“Your language is not dead until you can pass it on to someone”: Eliezer Ben-Yehuda, a person who revived Hebrew

“Your language is not dead until you can pass it on to someone”: Eliezer Ben-Yehuda, a person who revived Hebrew

On January 7, 1858, in Luzhki Village near Vilnius (at that time under the occupation of Russian Empire), Eliezer Ben-Yehuda was born, who is called the father of the modern Hebrew. He devoted his whole life to the revival of Hebrew, its development and enrichment: Ben-Yehuda created one of the first weeklies in Hebrew, he founded the Hebrew Language Committee, which later became the Hebrew Language Academy, and he began publishing the first complete dictionary of Hebrew.

Few people believed that the ancient language, which had not been spoken for millennia, could be introduced into everyday circulation. Ultra-religious Jews called for leaving Hebrew as the language of prayer. Even the founder of Zionism, Theodor Herzl, doubted the possibility of Hebrew to become a common language. He really wanted everyone in the future Jewish State to speak the language of the great culture, that is in German.

Eliezer Ben-Yehuda did not agree with this. In the preface to his dictionary, he wrote, “If it is possible to restore a language that has ceased to be spoken, and make it colloquial, expressing everything that at least one person wants to say, then, undoubtedly, such a language can be made a spoken language for the whole society” .

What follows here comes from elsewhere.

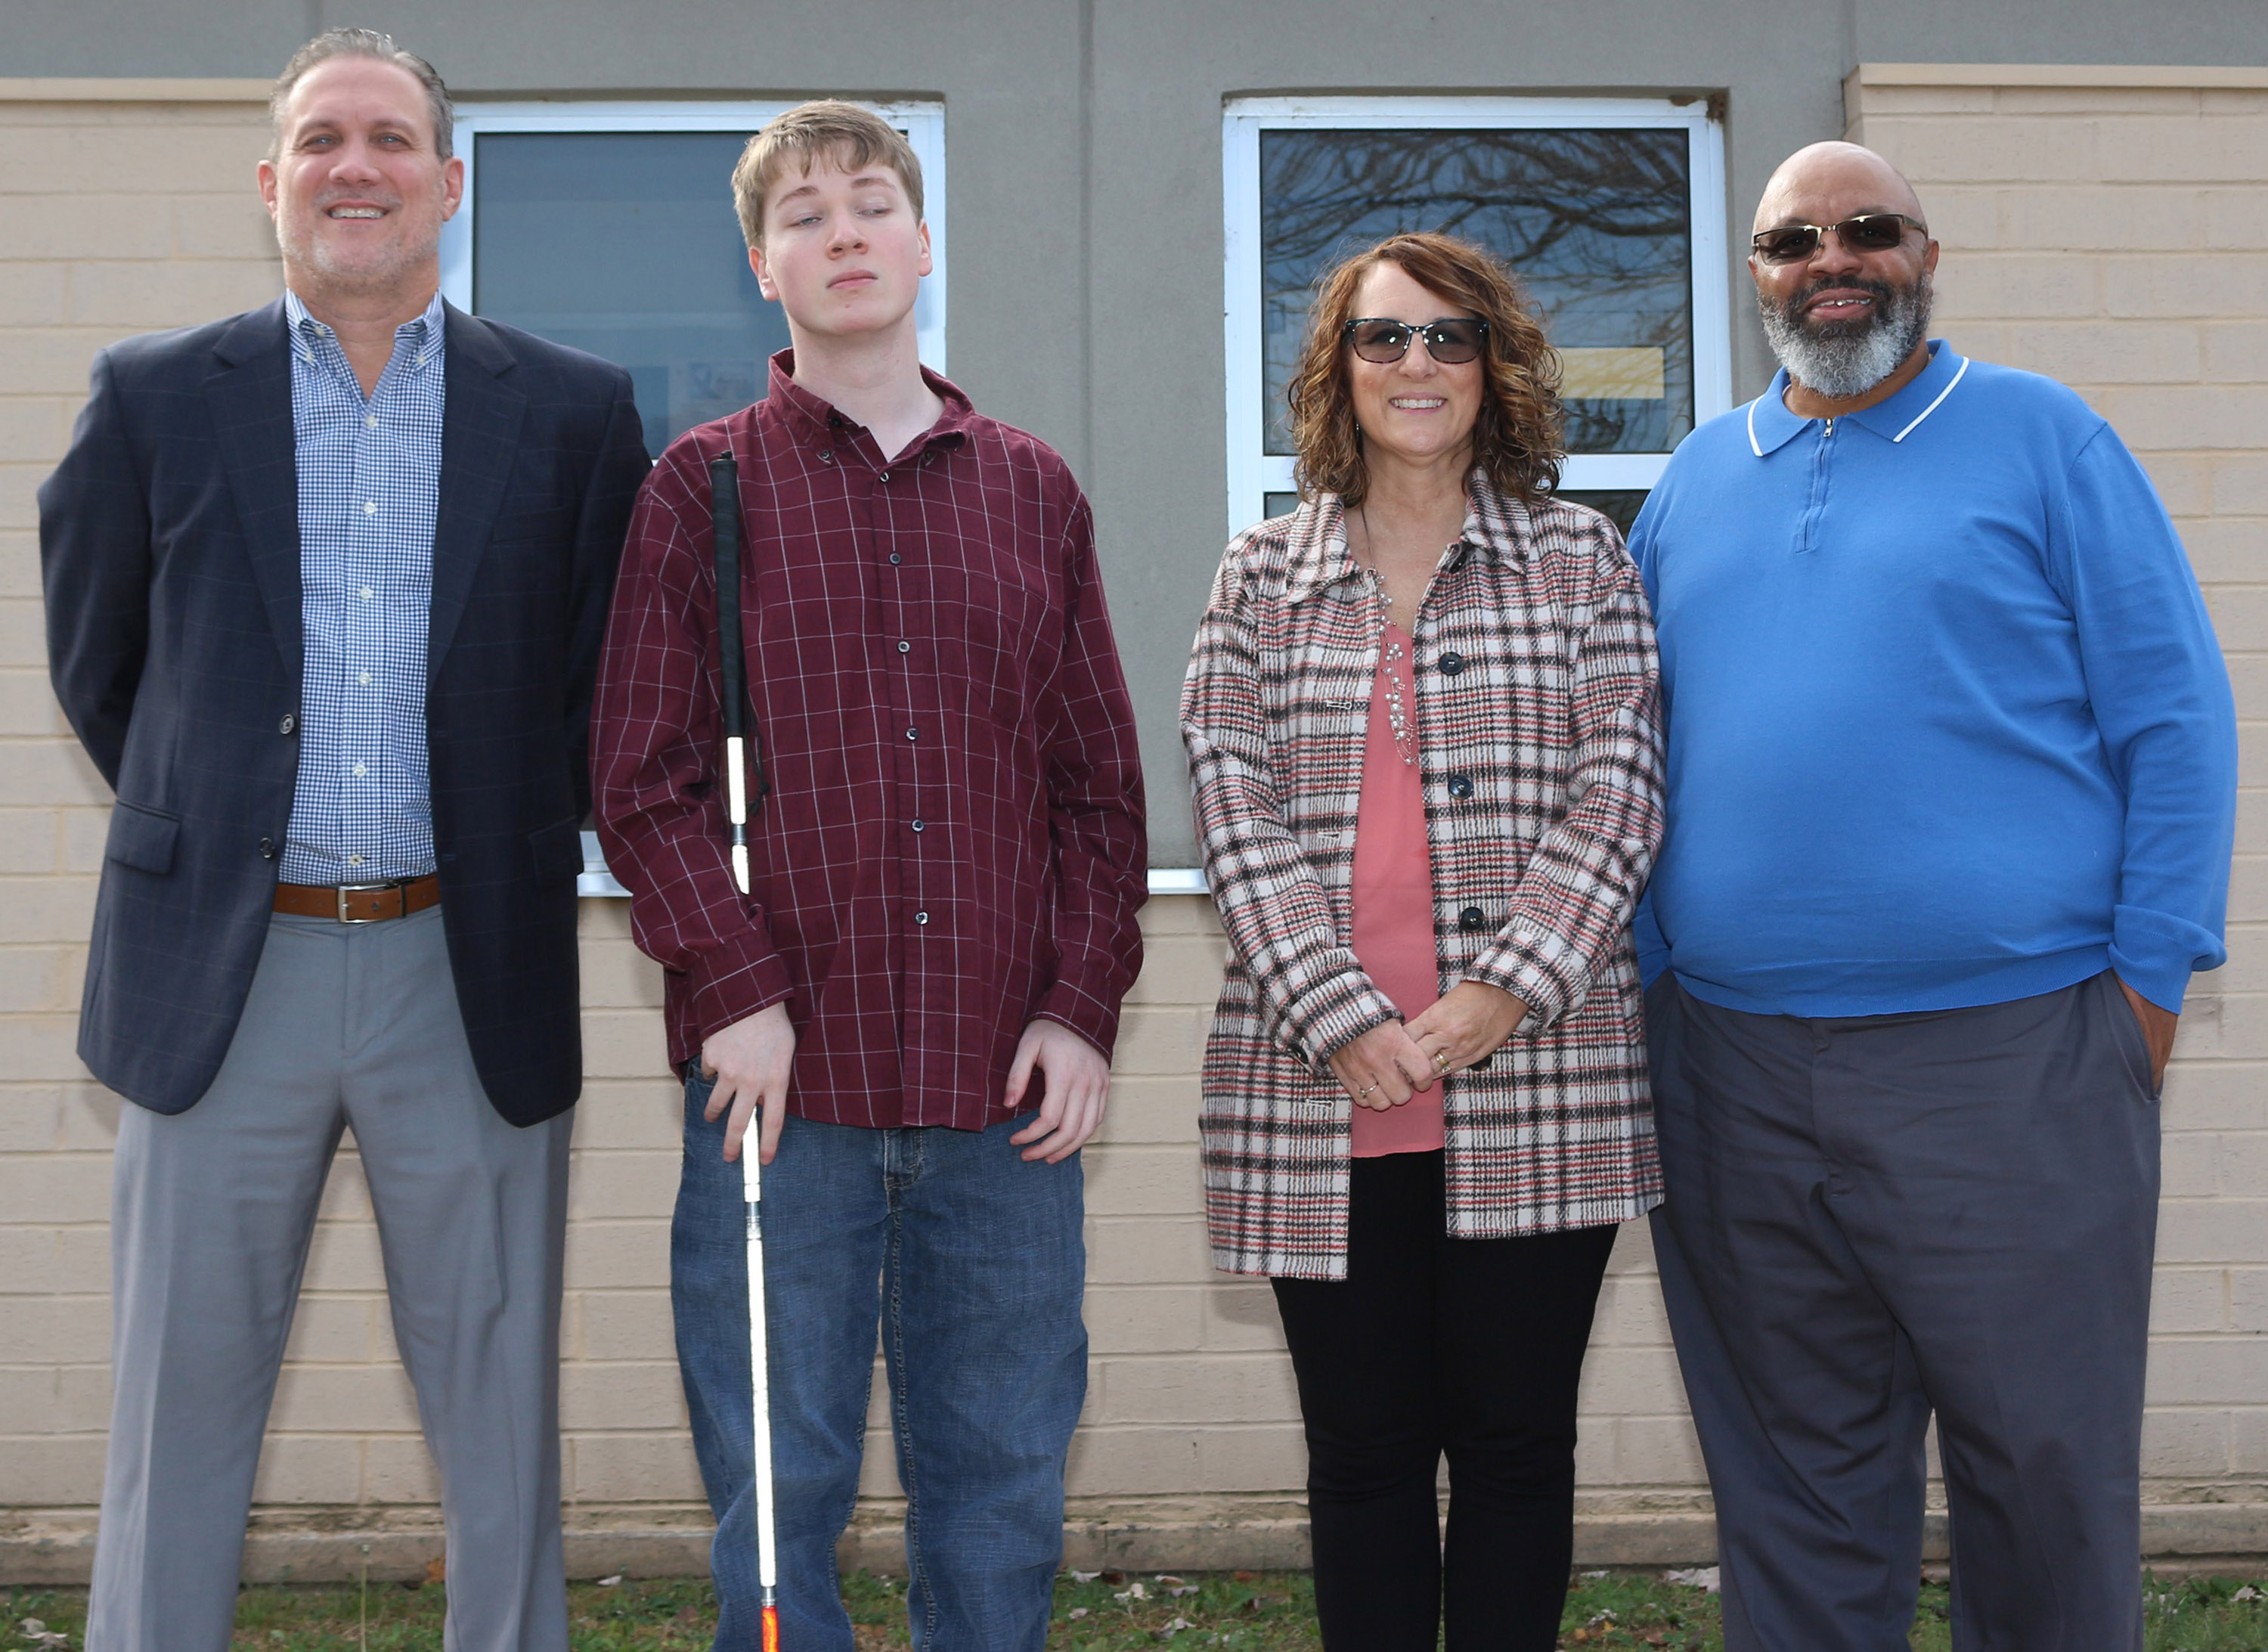 (From left) Mark Upton, program director and instructor of Marketing Management; GNTC student Sean Mullins; Tammy Pence, Workforce Innovation and Opportunity Act (WIOA) youth specialist; and Vince Stalling, WIOA Youth Services coordinator.

Ben-Yehuda believed that “Only one wise and energetic person is needed for every deed, who is ready to put all his strength into it, and the deed will move despite any obstacles … A pioneer who knows no retreat is needed for every innovation, for every, even the smallest step on the path of progress.” He turned out to be such a person for Hebrew.

Eliezer Ben-Yehuda’s family spoke only Hebrew, and his son Ben-Zion (better known as Itamar Ben-Avi) became the first native speaker of Hebrew.

People laughed at him when he tried to raise his son so that he would not come into contact with speakers of other languages ​​until he became adult. His son grew up knowing only Hebrew. Only when he became adult, he studied other languages, which were  spoken at that time in the area where he lived.

What do you think would happen if you kept your children away from contact with Russian language until a certain age?